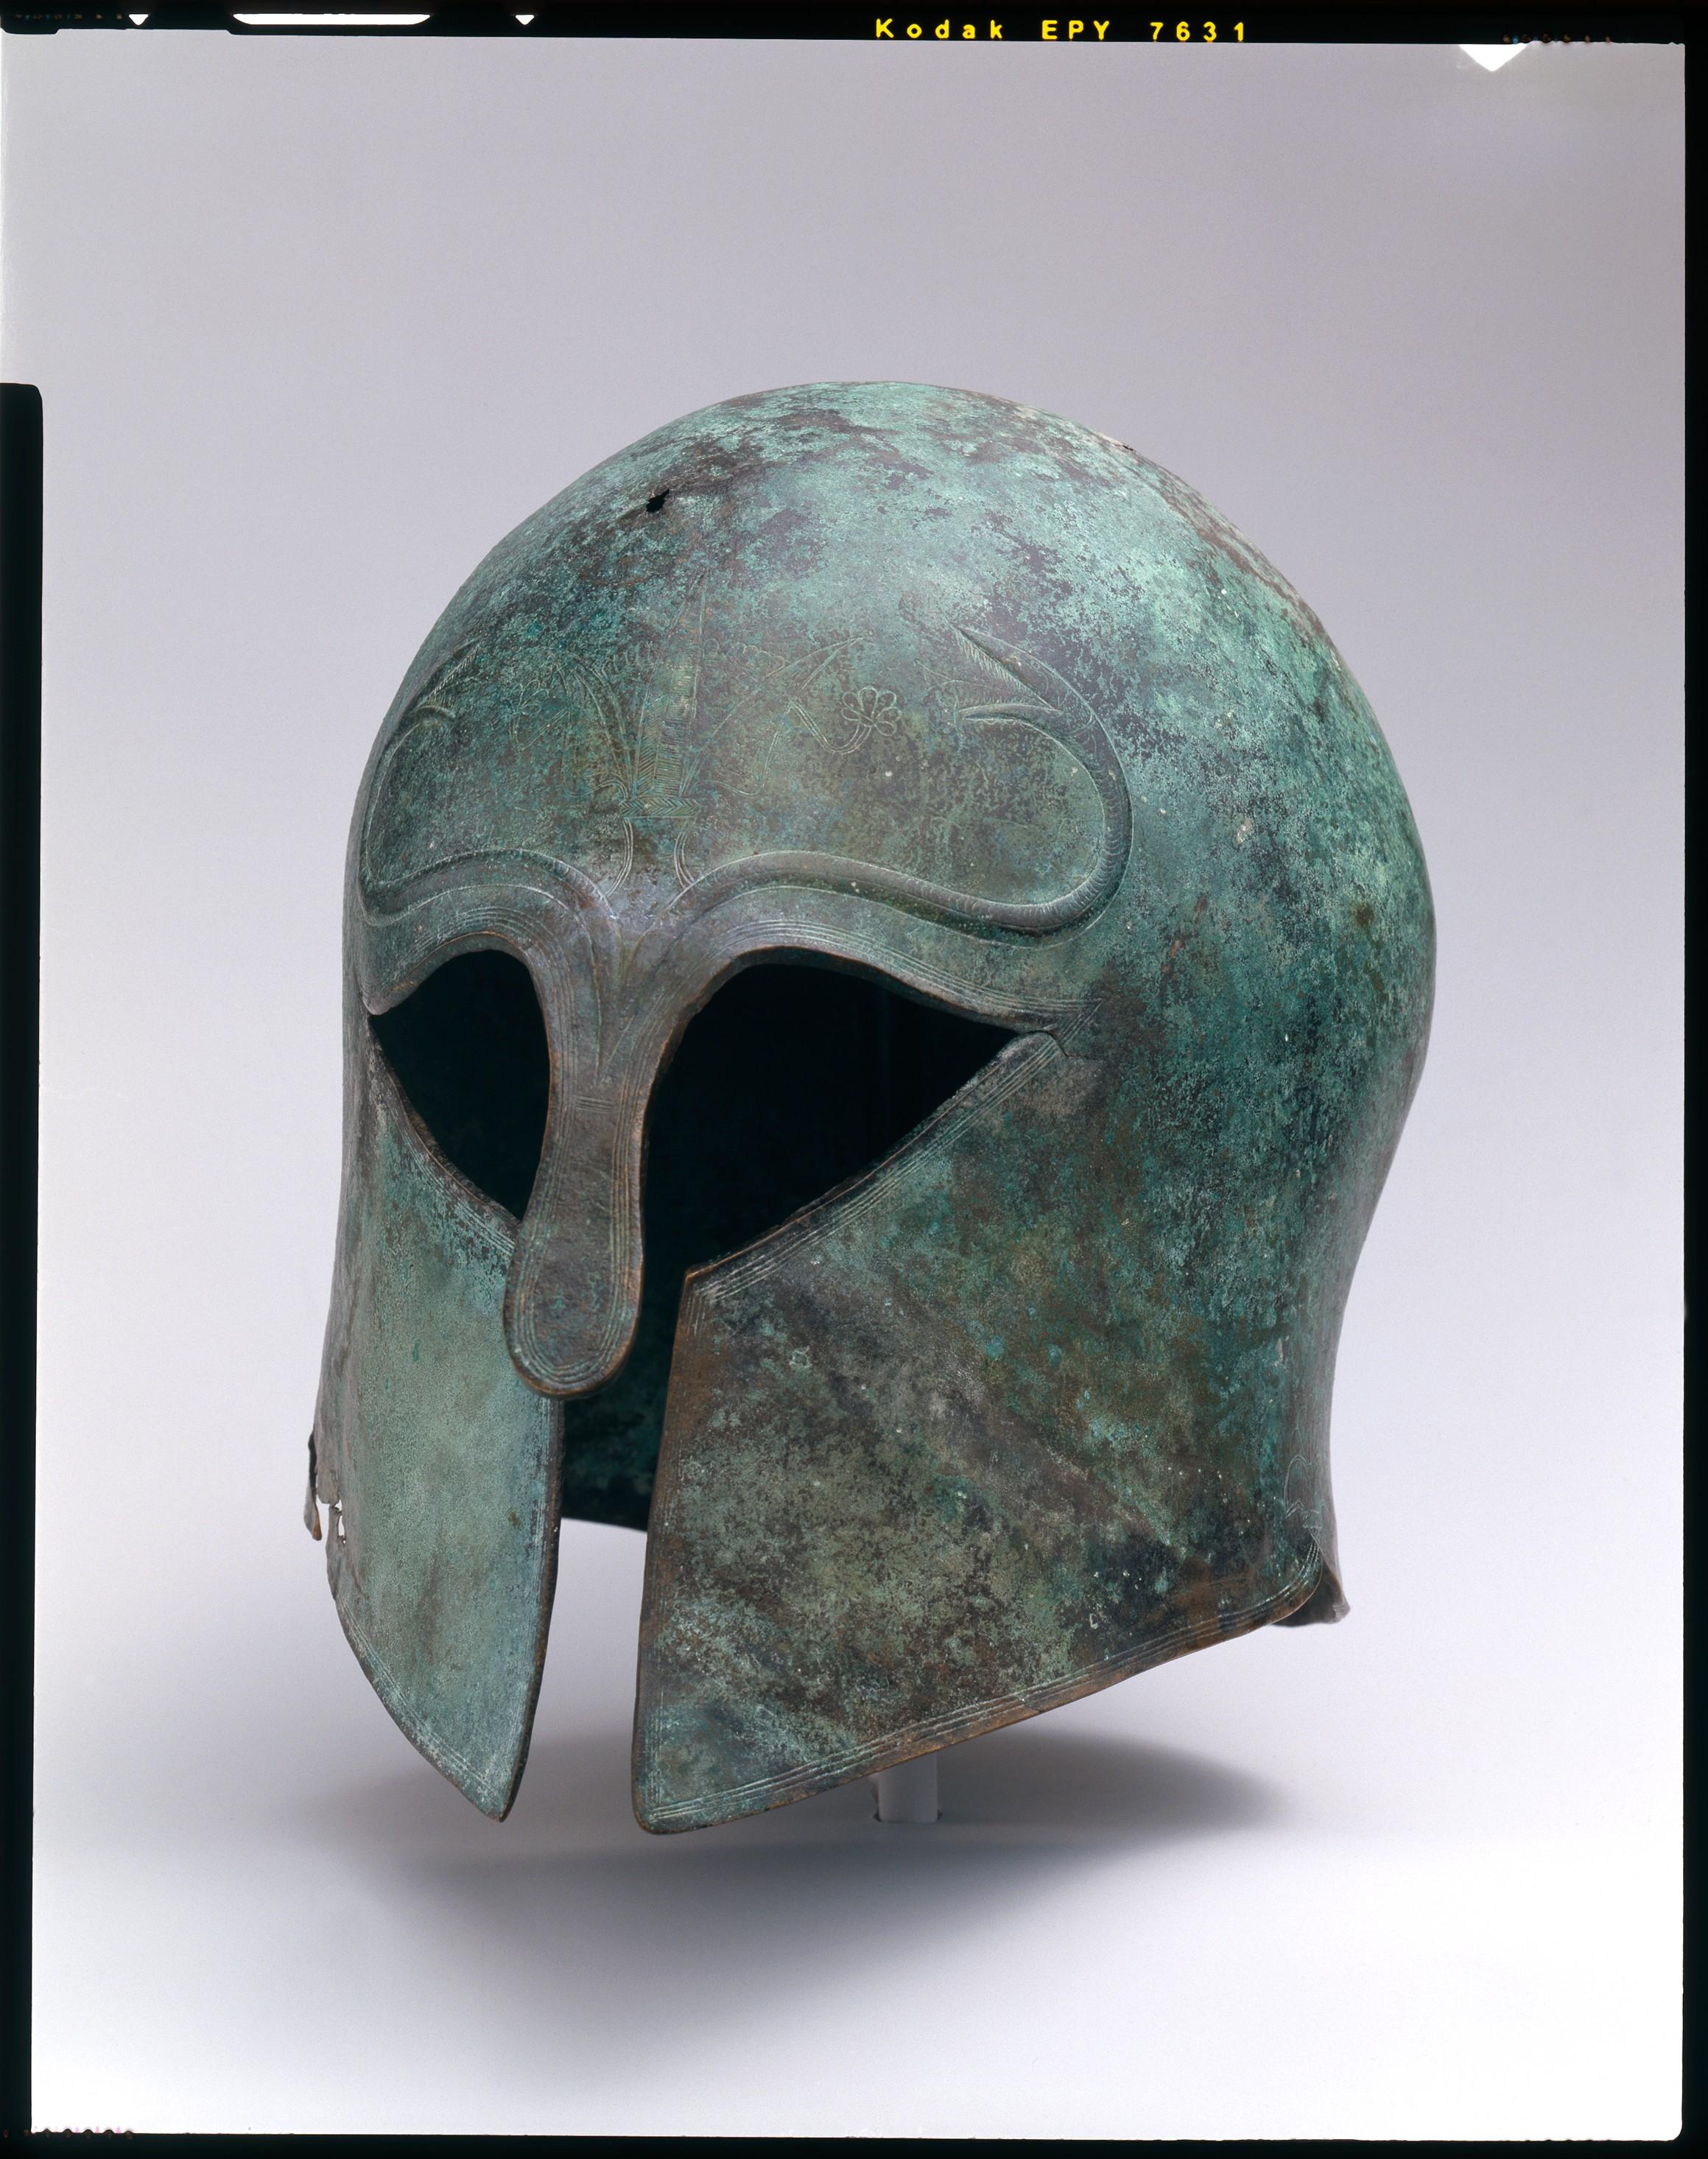 600-575 BC Century Bronze Corinthian Helmet - Metropolitan Museum
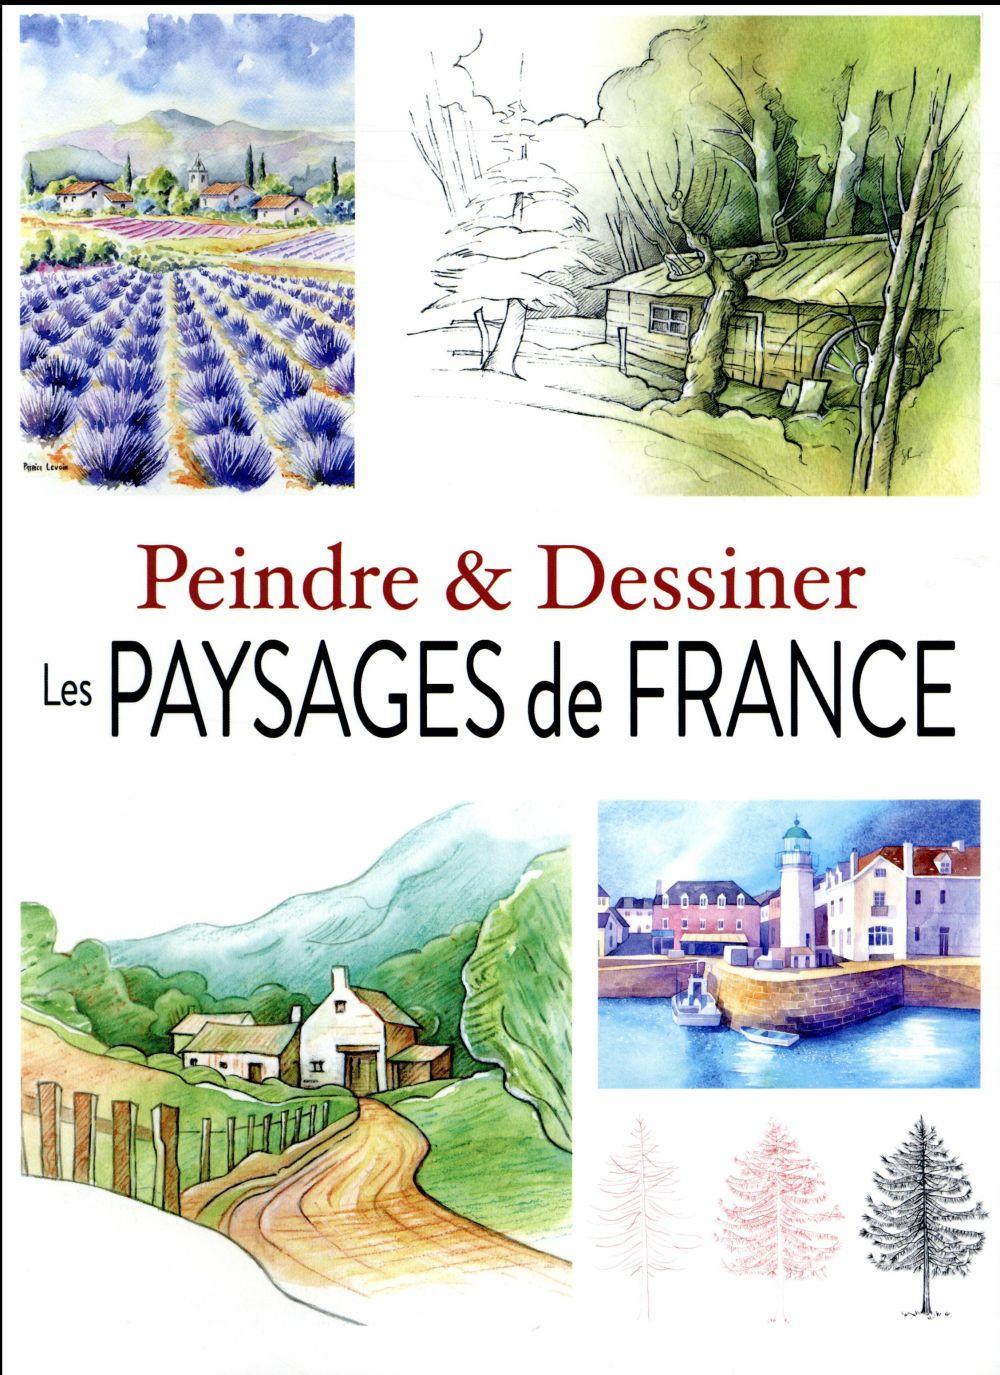 Peindre & dessiner les paysages de France
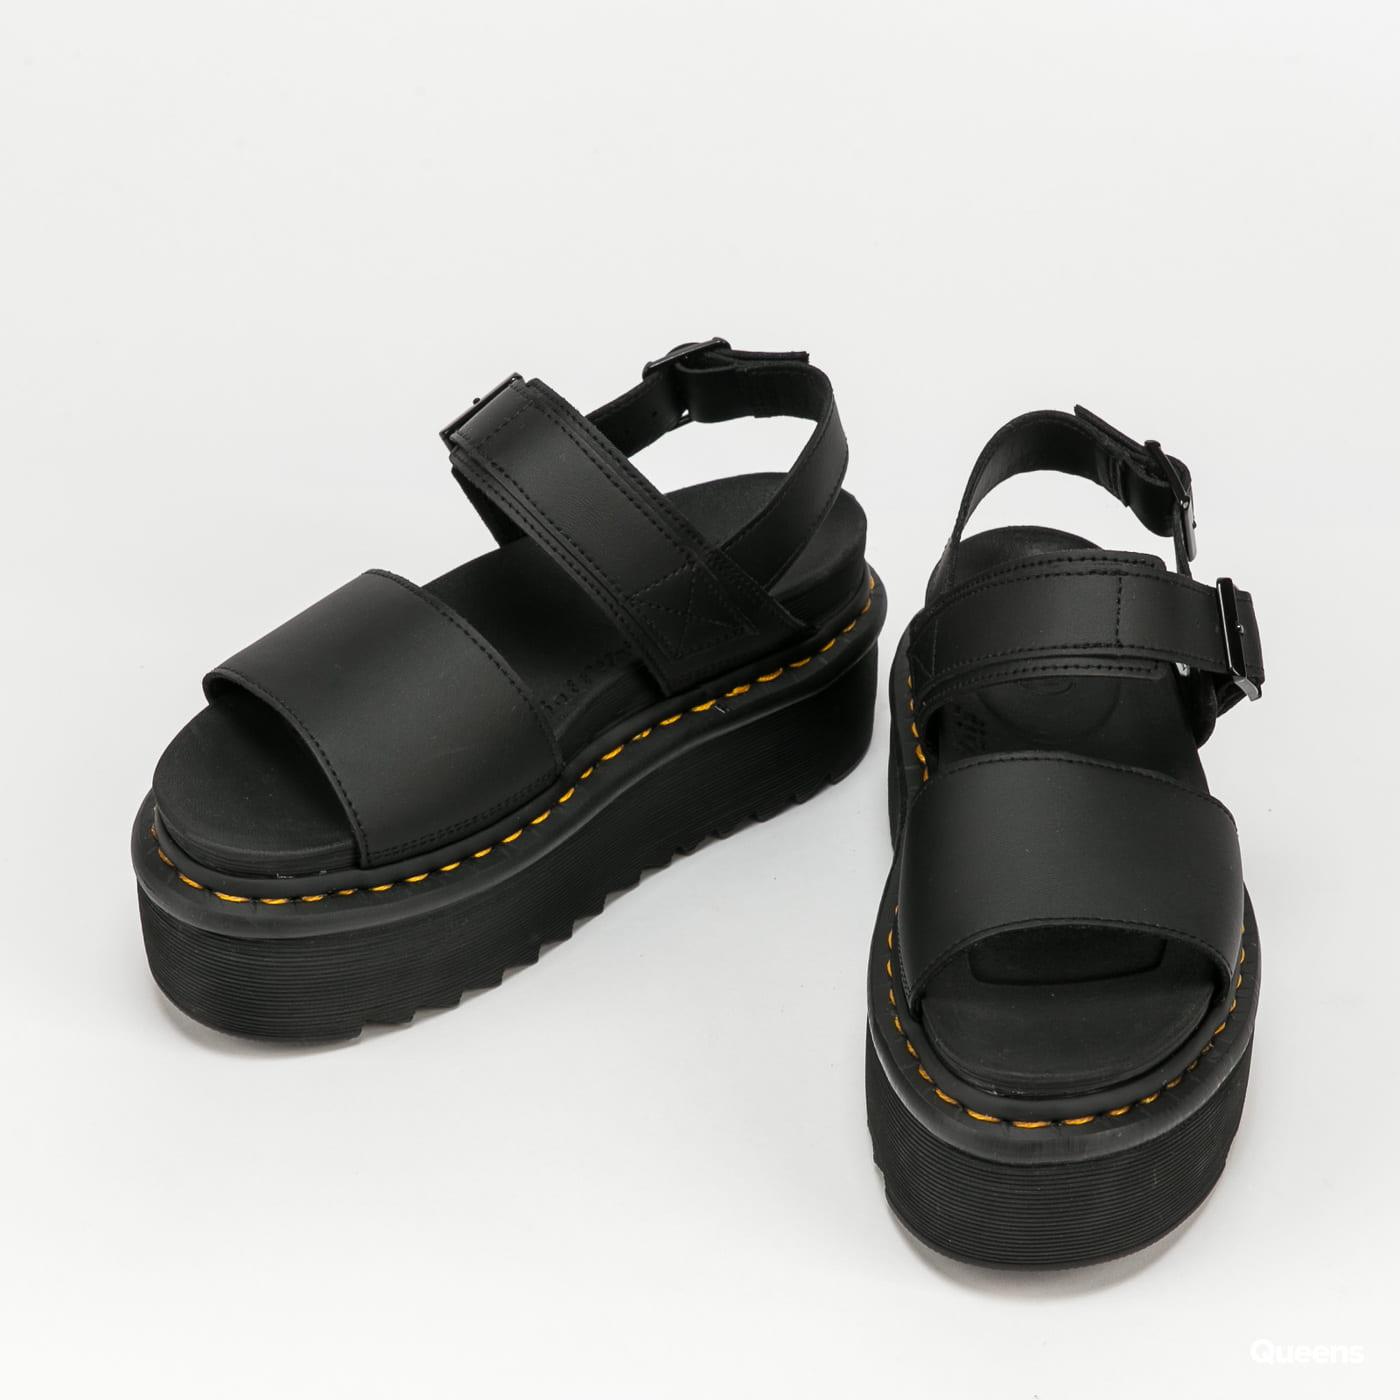 Dr. Martens Voss Quad black hydro leather

----------

• AIM OF THE EXERCISE:
Line by line, write out the data above exactly, without the pictures.

• EXERCISE ANSWER:
 600-575 BC Century Bronze Corinthian Helmet - Metropolitan Museum
 Peindre & dessiner les paysages de France
 Dr. Martens Voss Quad black hydro leather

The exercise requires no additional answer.